- Directed by: Robert McKimson
- Story by: David Detiege
- Produced by: David H. DePatie Friz Freleng
- Starring: Mel Blanc
- Edited by: Al Wahrman
- Music by: Bill Lava
- Animation by: George Grandpré Bob Matz Manny Perez Don Williams Norm McCabe
- Layouts by: Dick Ung
- Backgrounds by: Tom O'Loughlin
- Color process: Technicolor
- Production company: DePatie–Freleng Enterprises
- Distributed by: Warner Bros. Pictures The Vitaphone Corporation
- Release date: May 21, 1966;
- Running time: 6:20
- Language: English

= Snow Excuse =

Snow Excuse is a 1966 Warner Bros. Merrie Melodies cartoon directed by Robert McKimson. The short was released on May 21, 1966, and stars Daffy Duck and Speedy Gonzales.

In this film, Speedy tries to steal firewood from Daffy.

==Plot==
Speedy Gonzales is freezing in his mountaintop cabin, and so asks Daffy Duck if he can borrow some firewood. The ever-greedy duck stubbornly refuses, prompting Speedy to steal some wood so he can survive. Ripostes on both sides are thrown:

1: Daffy attempts to move all his firewood indoors, but Speedy ambushes him and quickly steals a log.

2: Speedy sneaks in through a drainpipe. Daffy, having anticipated this, fires three bullets into the pipe, then runs to his fridge and opens it. When Speedy appears in the fridge, Daffy catches him with a baseball glove, but is then hit by the bullets he fired. Daffy then snarls "What a miserable mouse" as Speedy steals another log.

3: Speedy knocks on Daffy's door, threatening to break it down if he doesn't open it. However, Speedy is gone when Daffy opens it. Speedy attempts to run in through the back, but Daffy scares him off using a cat head. When he hears another knock on the door, he opens it and shoots his rifle, thinking it's Speedy again, only to discover that he has shot at a postman's feet. The postman retaliates by tying Daffy up with the gun and tearing up his post (cursing at him in "Mexican" gibberish all the while), allowing Speedy to take another log.

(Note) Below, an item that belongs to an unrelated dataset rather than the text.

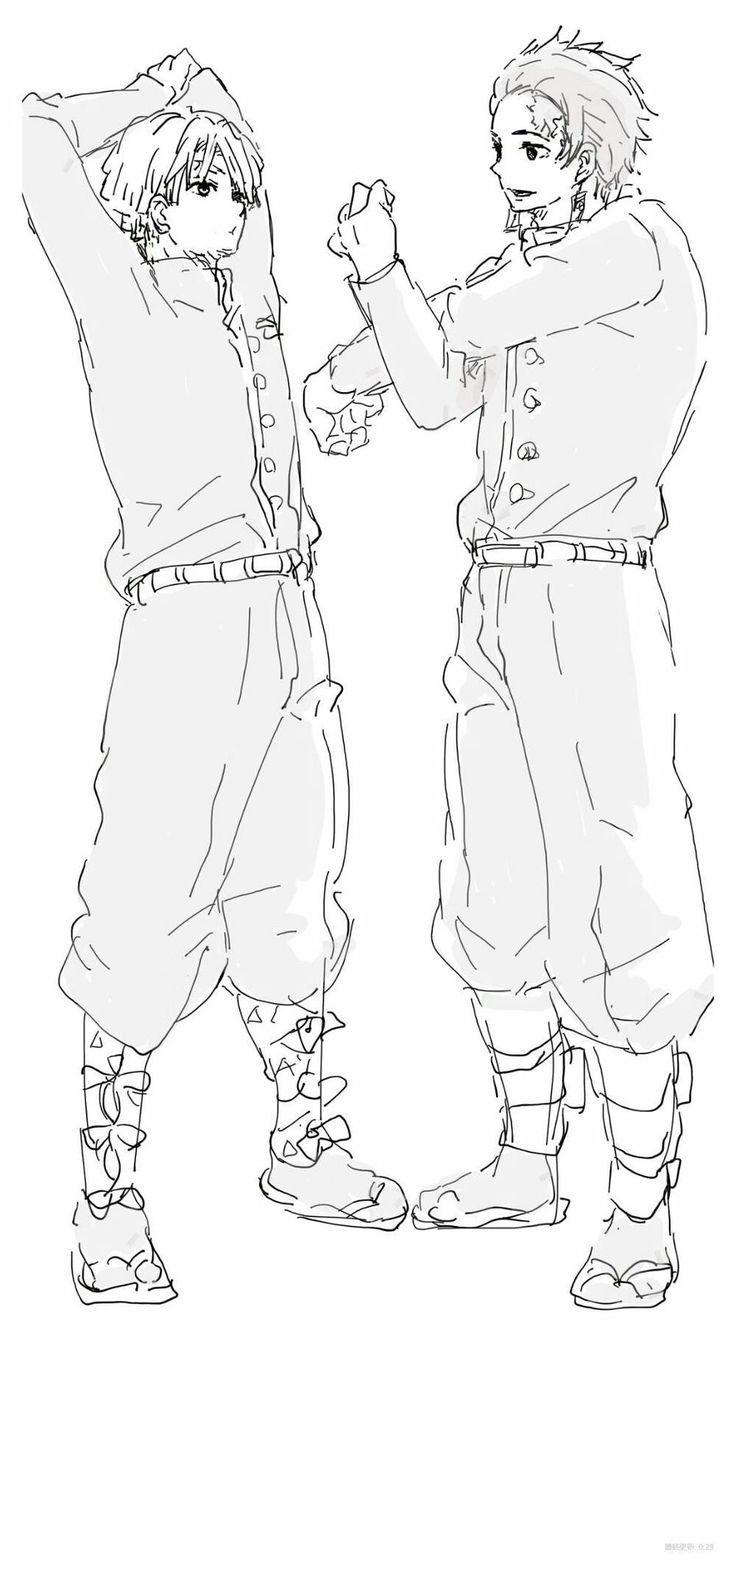 (notitle) – Anime/Manga Bilder

4: Speedy takes a plank off the wall of Daffy's hacienda and takes it to his cabin, but finds Daffy lying on it ("Greetings, mouse. Thanks for the sleigh ride.") He promptly sends it sliding back down the mountain again, crashing back into Daffy's hacienda ("This is getting monotonous...").

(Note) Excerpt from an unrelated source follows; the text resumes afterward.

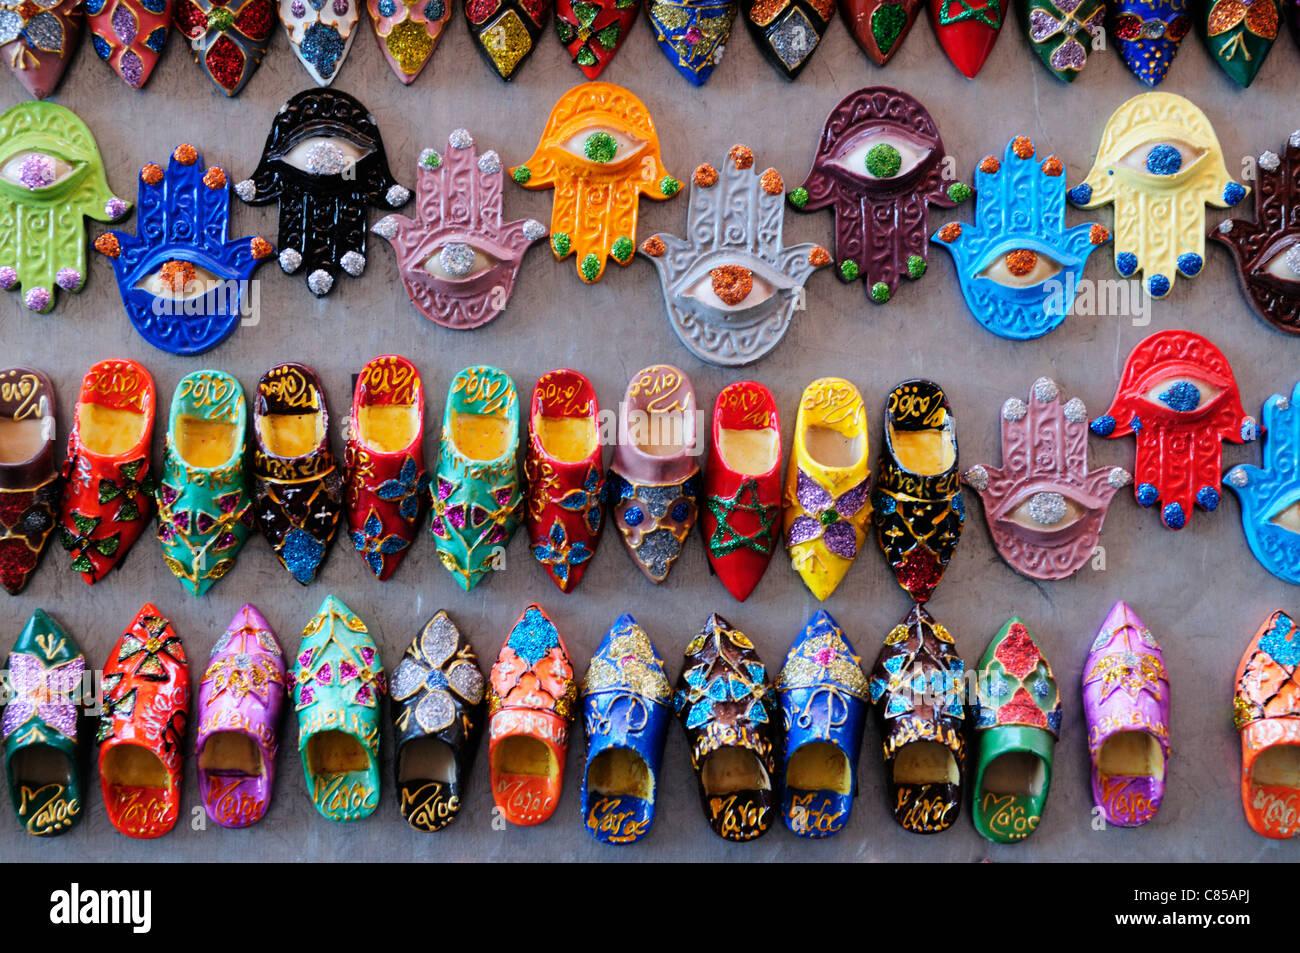 moroccan fridge magnets stock photos moroccan fridge magnets stock

5: Speedy apparently sees Daffy placing all his wood outside and runs down the mountain to retrieve it, barely avoiding several mousetraps hidden in the snow. Daffy allows him to take the "wood", but Speedy discovers that it's actually chocolate-covered ice. Speedy promptly whacks Daffy's foot with one and steals another piece of the real wood. Daffy attempts to go after it, but gets himself caught up in all the remaining mousetraps ("What a revolting development - caught in my own trap...").

6: Speedy places a package at Daffy's door. Daffy angrily refuses it at first, but gives in to temptation. He finds a giant stick of dynamite and throws it away, but finds another one underneath, and more, successively smaller sticks underneath, like a Matryoshka doll, ending with a minuscule replica of the original. Daffy taunts Speedy, thinking it to be harmless, but the dynamite explodes powerfully, dazing him ("What do you know? A Jolly Red Giant. What else is new besides 'ho-ho-' [BOOM!] oooooh..."); long enough for Speedy to steal another log.

Having acquired as much wood as he needs, Speedy begins attempting to build a snowman. Daffy marches up the mountain to take revenge on Speedy, but Speedy accidentally drops a small snowball onto a teaspoon, sending a larger one down the mountain. The snowball crushes Daffy and smashes his hacienda into pieces.

Beaten and out of both firewood and home, Daffy disguises himself as a mouse and asks to lodge up with Speedy, who agrees. Shrugging, Daffy tells the audience, "I always say, if you can't beat 'em, join 'em." Iris out.